6.1 From TV Distance to Sample-Controllable Quantities

Corollary 5.3 tells us that to guarantee monotonic improvement, we need to control the update increment shift $U_k = \mathbb{E}[D_{\mathrm{TV}}(\pi_{k+1}, \pi_k; s)]$. But TV distance is a distribution-level quantity, so how do we control it with samples?

The bridge from theory to samples is the following identity:

Lemma 6.1 (Ratio Difference Representation of TV Distance)

Suppose policy $\pi_1$’s support covers the supports of $\pi$ and $\pi_2$. Then for any state distribution $\mu$:

$$ \mathbb{E}_{s\sim \mu} \big[D_{\mathrm{TV}}(\pi, \pi_2; s)\big] = \frac{1}{2} \mathbb{E}_{s\sim \mu, a\sim\pi_1(\cdot\mid s)} \left| \frac{\pi(a\mid s)}{\pi_1(a\mid s)} - \frac{\pi_2(a\mid s)}{\pi_1(a\mid s)} \right| $$

Note the support-coverage requirement: the behavior policy used in the denominator must assign nonzero mass to the actions that appear in training. For LLMs, this means hard top-k / top-p truncation without smoothing can make some ratios undefined. Section 8 returns to that issue.

Intuitive Understanding

The left side is the TV distance between two distributions (requiring enumeration over all actions), while the right side is the absolute difference of two importance ratios when sampling under $\pi_1$. This enables us to estimate and control TV distance using samples.

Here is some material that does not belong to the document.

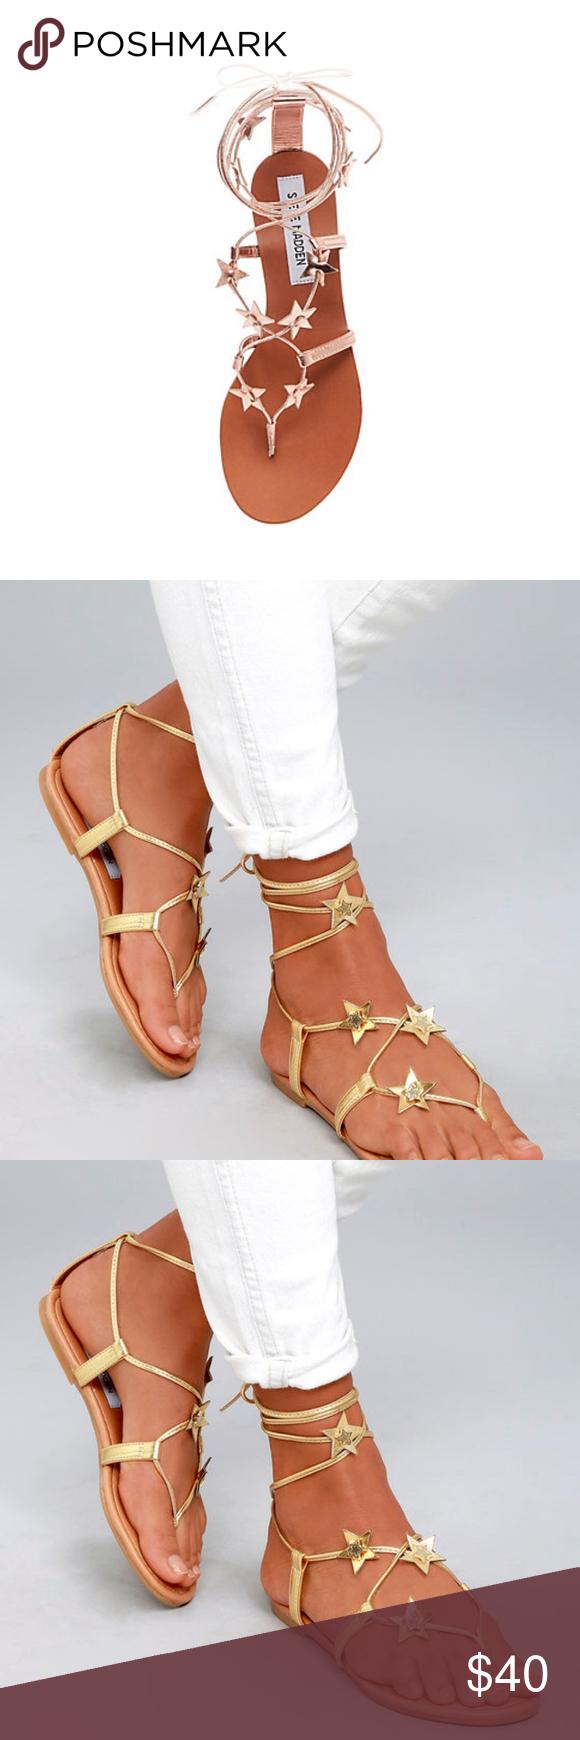 d9d22424e0cd Steve Madden Lace Up Sandals Steve Madden Jupiter Gold Lace-Up Sandals - SOLD  OUT
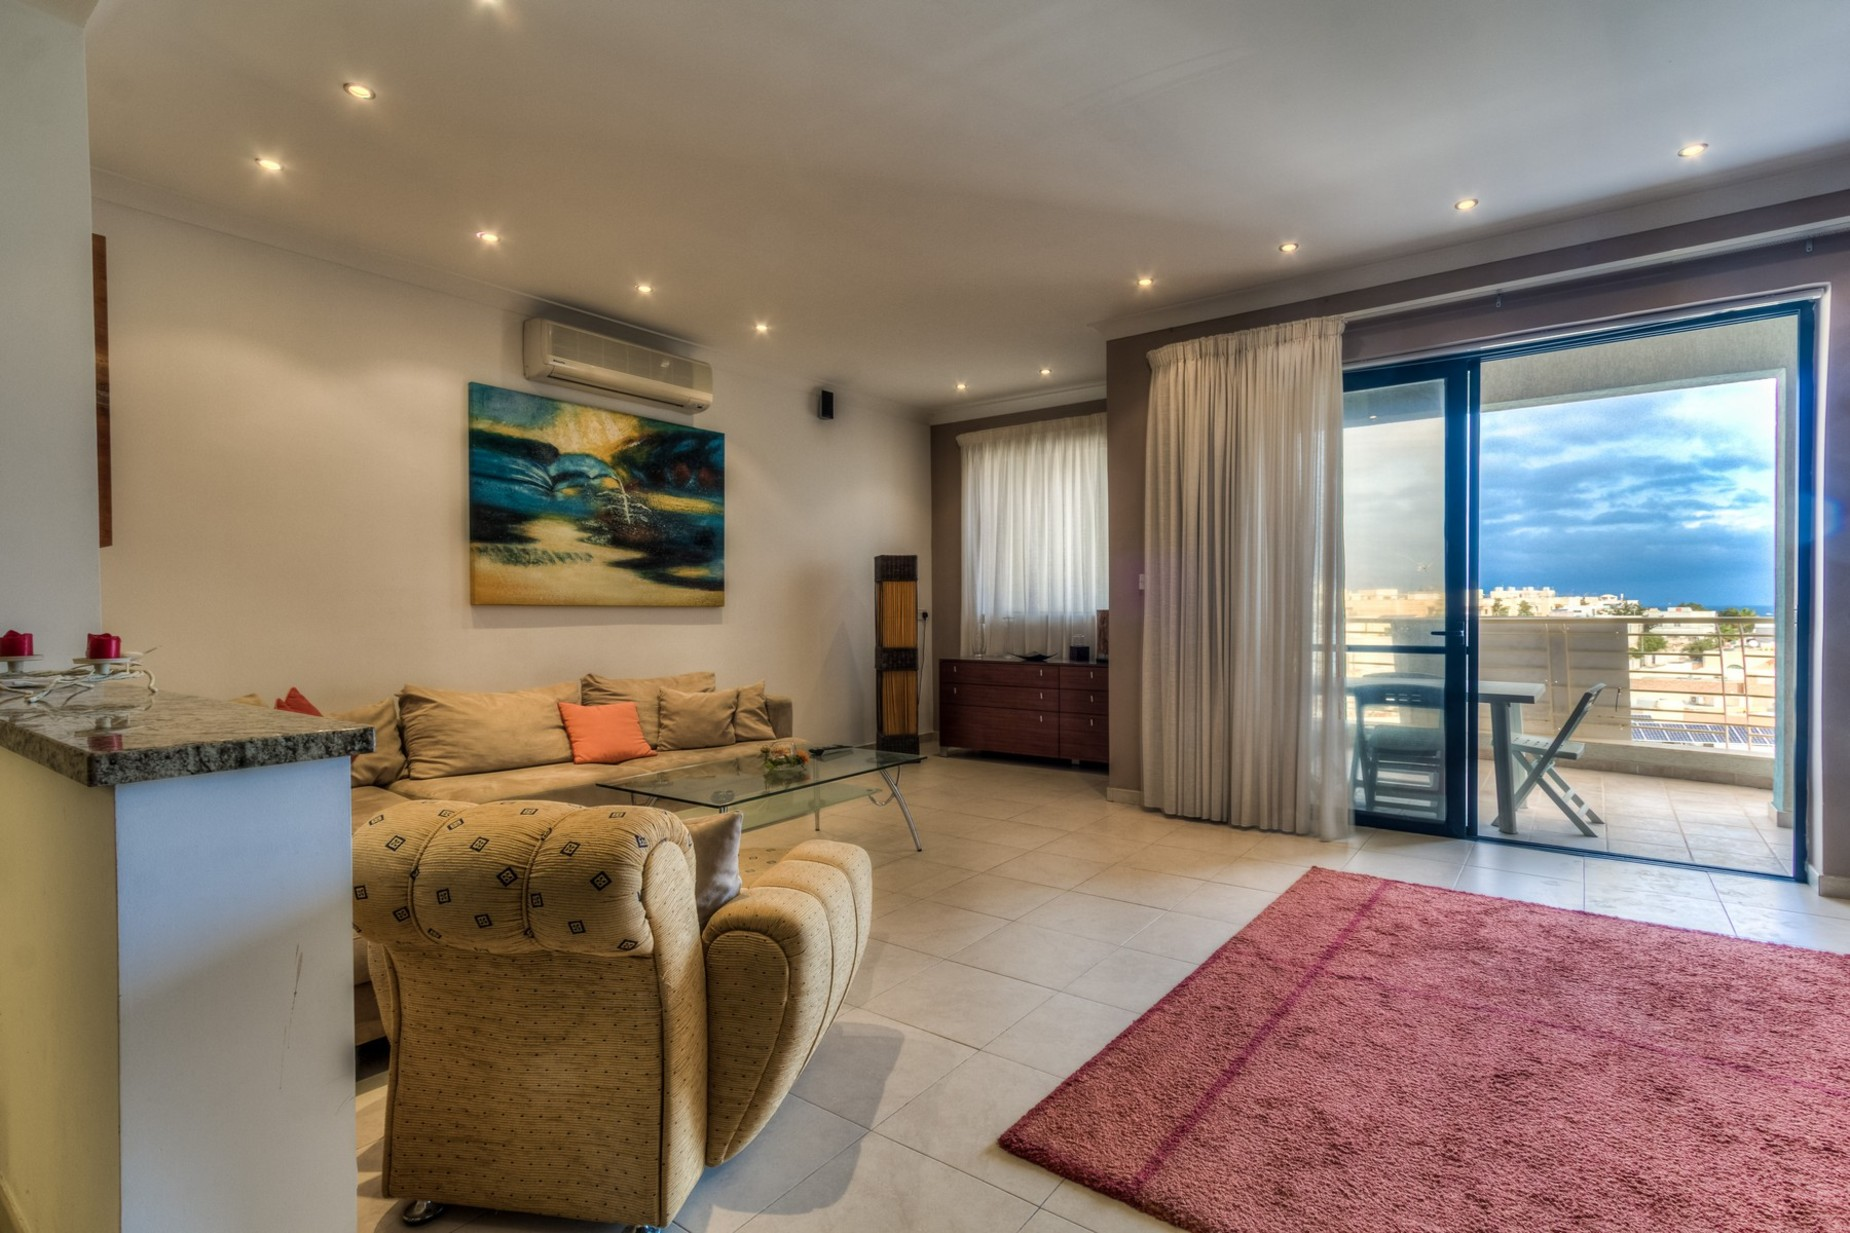 3 bed Apartment For Sale in Qawra, Qawra - thumb 4

Sample Representation of $U_k$

Using Lemma 6.1, setting $\pi = \pi_{k+1}$, $\pi_2 = \pi_k$, $\pi_1 = \pi^{(i)}$ (the sampling-source policy), we obtain:

$$ U_k = \frac{1}{2} \mathbb{E}_{(s,i) \sim d_{\beta^{(k)}}, a \sim \pi^{(i)}(\cdot\mid s)} \left| \frac{\pi_{k+1}(a\mid s)}{\pi^{(i)}(a\mid s)} - \frac{\pi_k(a\mid s)}{\pi^{(i)}(a\mid s)} \right| $$

Denoting $\rho_{k+1} := \frac{\pi_{k+1}(a\mid s)}{\pi^{(i)}(a\mid s)}$ and $\rho_k := \frac{\pi_k(a\mid s)}{\pi^{(i)}(a\mid s)}$, we have:

$$ U_k = \frac{1}{2} \mathbb{E}_{(s,i,a) \sim \text{training data}} \big| \rho_{k+1} - \rho_k \big| $$

This means: If we can ensure $\lvert\rho_{k+1} - \rho_k\rvert \leq \epsilon$ for each sample, we can guarantee $U_k \leq \epsilon/2$.

6.2 Constraining $U_k$: Two Clipping Options

Method 1: Direct Constraint on Ratio Difference

For each sample $(s, i, a)$, require:

$$ \left| \frac{\pi_{k+1}(a\mid s)}{\pi^{(i)}(a\mid s)} - \frac{\pi_k(a\mid s)}{\pi^{(i)}(a\mid s)} \right| \leq \epsilon $$

The clipping interval is $\left[\frac{\pi_k(a\mid s)}{\pi^{(i)}(a\mid s)} - \epsilon, \frac{\pi_k(a\mid s)}{\pi^{(i)}(a\mid s)} + \epsilon\right]$, with clipping center at $\rho_k$ rather than 1.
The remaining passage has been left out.